Western Liberals Need to Extend the Same Humanity to Gaza as They Did to Ukraine

Western liberals have not extended the same solidarity to the Palestinian people that they did to the Ukrainians.

Western Liberals Need to Extend the Same Humanity to Gaza as They Did to Ukraine

Although it came after months of warnings by US intelligence agencies and even President Biden, the Russian invasion of Ukraine shocked many who assumed that such an event was not possible on the borders of the EU. Ukrainian flags popped up around the world—projected onto buildings, sprouting from homes and lawns, and flown atop landmarks around the world. After the West got its footing, plans were drawn up first to give Ukrainians what they needed to protect Kyiv and then to help Ukraine liberate its territory—a goal which at the time enjoyed bipartisan support in the United States, with only a few extremes on the left and right seriously questioning Ukrainians’ right to self-determination. Images of executed bodies in Bucha and destroyed cities like Mariupol only strengthened this resolve. President Zelenksyy became an overnight household name and his speeches were broadcast around the world. The US, Western Europe, and much of the rest of the world embraced Ukrainian resistance to occupation as a worthy cause. 

But this fall, we Western liberals have not extended the same solidarity to the Palestinian people, who are suffering a fate much like that of the Ukrainians subjected to the initial Russian onslaught. This is a failure which will cost us if not remedied. Not only is the suffering of Gazan civilians a moral stain on the world order and especially the American conscience, but it also undermines liberals’ claim to abide by universal principles and the rules-based international order. The situations are not identical, but similar enough for both a self-reflective public and a critical global audience to see. Where Ukrainians needed and still need weapons and aid to defend themselves and rebuild their country, Palestinians need a humanitarian pause and negotiated ceasefire now, and sweeping structural changes to enjoy free and dignified lives in the long term.

It is of course important not to overstate the similarities between the two situations. Ukraine and Russia have a centuries-longer history than Israel and Palestine, and a more complex one, featuring periods of relative cooperation as well as attempted outright destruction of the Ukrainian people. By contrast, the history of the Israeli state is much shorter, and its relation with the Palestinian people since the 1948 war of independence has almost universally been one of dispossession and displacement of hundreds of thousands of Palestinians from their homes. And while Ukraine has never fully escaped from Russian meddling in its politics and economy, it has enjoyed at least a de jure independence that has eluded Palestinians for their entire existence as a people. 

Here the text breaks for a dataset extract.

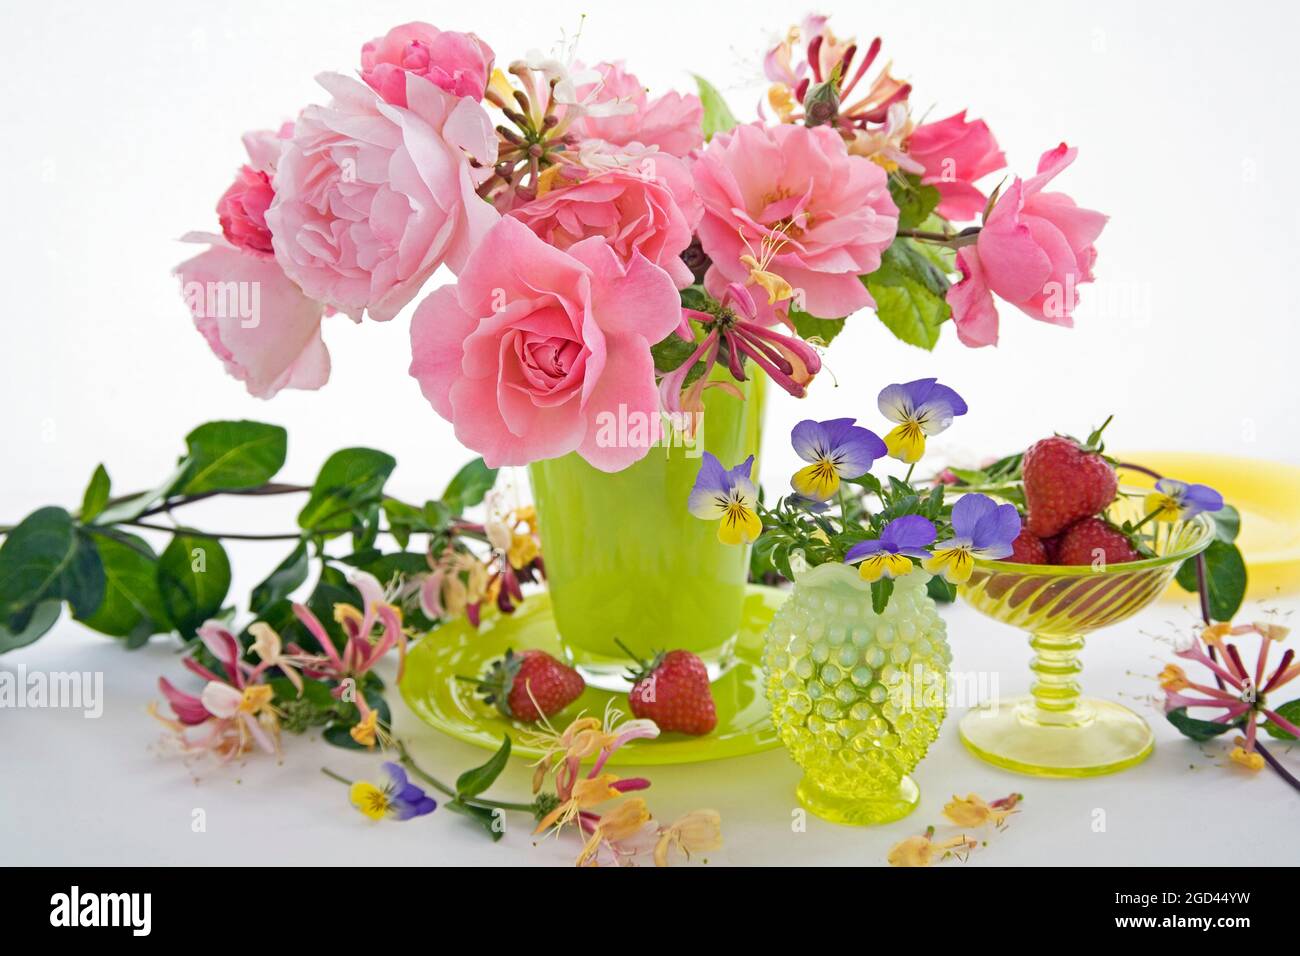 botany, roses, honeysuckle ( lonicera ) and pansies in yellow glass vases, ADDITIONAL-RIGHTS-CLEARANCE-INFO-NOT-AVAILABLE Stock Photo

On the other hand, many, especially liberals, would be quick to point out that whatever the flaws in Ukraine’s democracy, it has managed peaceful elections and a transfer of power, leading to the administration of a popular president. By contrast, Hamas was last elected with a slim plurality of Palestinian voters 17 years ago and has ruled as an effectively one-party state—despite a lack of apparent popularity—in Gaza ever since. Moreover, even the most politically extreme elements of Ukraine’s military never invaded Russia, and the years leading up to the 2022 invasion were mostly free of the kind of atrocities visited by Hamas on Israel in October of this year. The brutality of these attacks, which fell primarily on Israeli civilians, broadly discredited Hamas as a partner in peace negotiations, and the shock has provided a great deal of cover for the worst Israeli excesses in the following weeks. Russia’s invasion of Ukraine lacked any kind of comparable provocation. But these differences and earned hostility towards Hamas ought not distract us from our humanistic obligations to Palestinian civilians.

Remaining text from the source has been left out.